In conversazione con Giovanni Bonotto
Intervistato da Not Just A Label

18 febbraio 2013
The majority of NJAL’s designers seem to agree that one of the problems with fashion today is mass production and fast fashion.
One man working at opposite pace, in a field without which clothing could not exist – is fabric designer and manufacturer, Giovanni Bonotto. The grand-son of its founder, Giovanni owns and runs the Northern Italian factory together with his brother Lorenzo. The pair and their team of artisans create fabrics for the likes of leading luxury designer labels, from Dries Van Noten to Saint Laurent Paris to Chanel. Their new manufacturing model, the 'slow factory', re-values the culture of the hand-made: it means producing less, using the highest level of craftsmanship.
Bonotto’s master craftsmen follow the philosophy of 'craftsmanship above all'. Recuperating older machinery, Bonotto’s fabrics are instilled with a sense of integrity and authenticity that could not be achieved using the latest technology. They may lose out to the competition by price, but their true value is in the quality of their Renaissance craftsmanship heritage. Bonotto’s entire production – beyond the Slow Factory – is focused on bringing the craftsmanship and expertise back into textile production that has been lost over the past decades. Read on to be inspired by his appreciation of quality, craftsmanship and expertise.

Tell us about the Bonotto Factory and its unique history.
Bonotto was founded in 1912 as straw hat production unit. Ernest Hemingway ordered his famous straw hat from my great grandfather Luigi for many years.
Then my grandfather Giovanni started traveling for business to NY, London, Paris, where he met Maurice Chevallier and many other artists. My father Luigi started manufacturing fabrics and grew up in the avant-garde of the Sixties and Seventies. His friends included Joseph Beuys, Marcel Duchamp, John Cage, Yoko Ono, just to name a few. He became the maecenas of the Fluxus movement and nowadays he is one of the biggest collectors in the world.

What is your role and what do you do within it?
I have been the creative director of Bonotto for 20 years. This means that I invent the fabrics that designers from all over the world come to discover.

You have attracted a lot of attention in the past few years for your revolutionary ‘slow factory’ concept. How did this concept come about?
When Carol Christian Poell became a friend of mine, my life changed. He taught me the culture of hand-crafting and the value of doing things properly. Long chats with the founder of Slow Food, Carlin Petrini, did the rest.

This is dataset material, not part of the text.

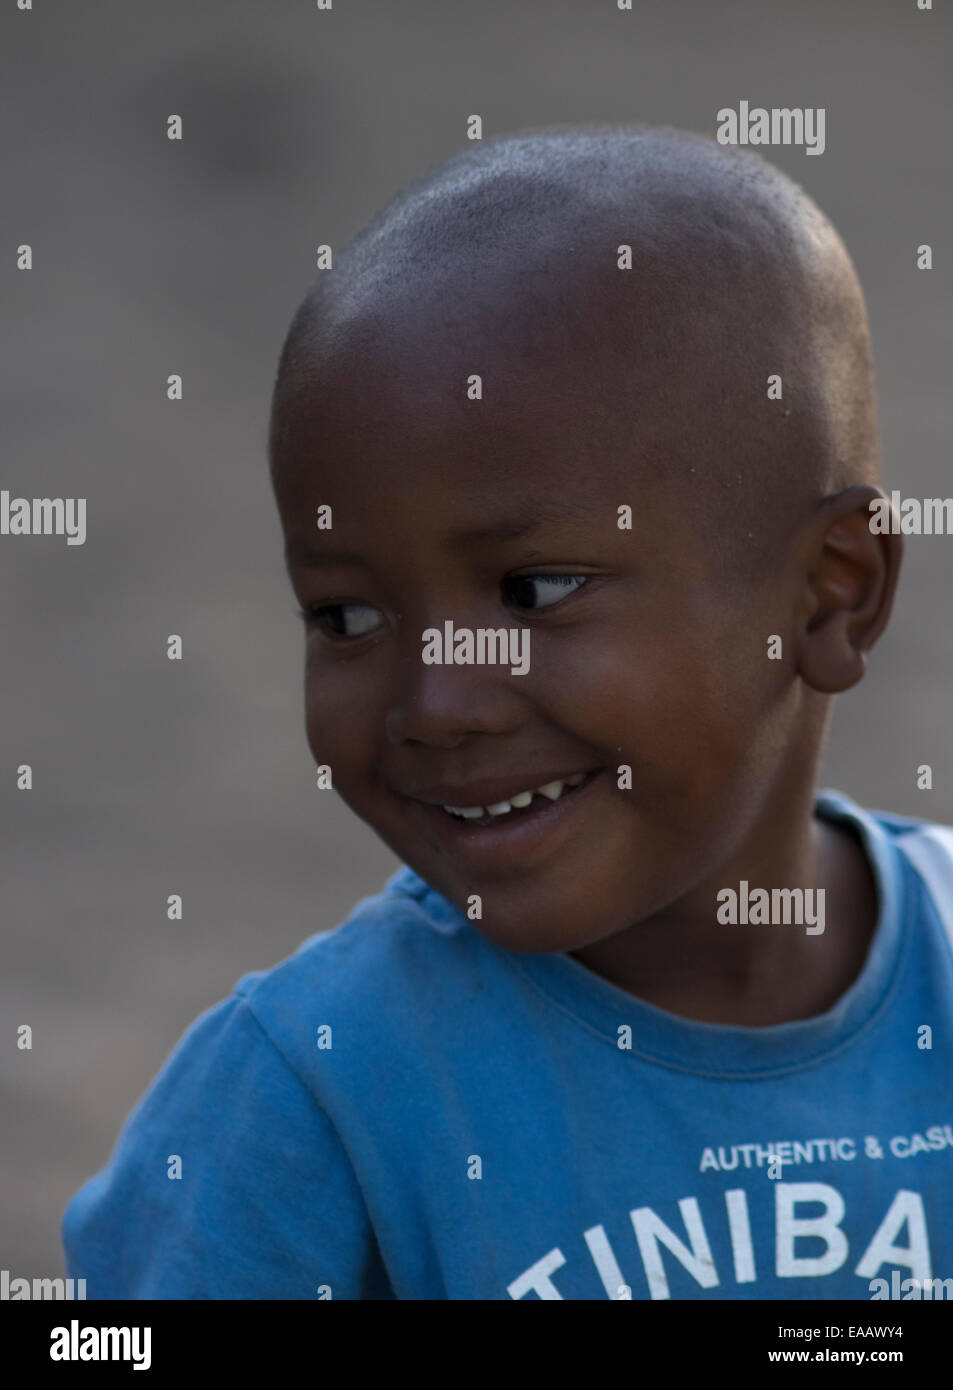 A smiling African child in Madagascar Stock Photo

How do you compare your factory to other textile manufacturers in Italy or around the world?
Ten years ago, ten looms made in 1956 in Japan arrived at our factory. The trade union asked us if we had run out of money for new machinery! I explained that the equivalent of ten vintage Rolls Royces had just arrived. Our workers became artisan masters and now we can create fabrics that cannot be technically realized in other factories.

Italian manufacturing is celebrated for retaining its value compared to other Western European fabric and textile producing markets. Why do you think that is?
Italy is still taking advantage of the precious heritage of the Renaissance period, started before 1400, with Giotto, Piero Della Francesca & Leonardo da Vinci. This concept permeates the Italian industrial system. It is in our DNA.

You are the great grandson of Luigi Bonotto, who founded the company; do you think that working in a family oriented company creates a different final product?
No. Sometimes a family dynasty restricts and represents a matter. Ours is a happy example, however we do have discussions about opening to shareholders. This could potentially help us to grow and develop.

How do you approach your work that keeps it new and exciting?
Every morning I wake up happy to work somewhere that is my whole life.

When working with a client, what sort of process is involved and how do you decide who you will deal with?
I try to put on his or her 'hat' to understand the ideas, to translate their dreams to my best ability. Often designers are excited and surprised when they see their ideas become a reality in the fabrics.

Your grandfather was a great collector of art. How has this influenced your approach to the business?
Since I was a child, I lived with masters of contemporary art, and they often looked after me as special babysitters while my parents were at work in our factory. This opportunity allowed me to disarticulate my way of thinking and gave me 'fantasy glasses'.

What would you like to change about the fashion industry?
An overdose of a fashion invested the world (collection, pre collection, cruise, show ...); the problem is that the product has become just another form of communication. As a result, many companies have lost their know-how and competence. Artisan masters have disappeared and lots of managers have grown up in their place. At Bonotto, the masters of texture, filature and dye, cover the strategical roles of the factory.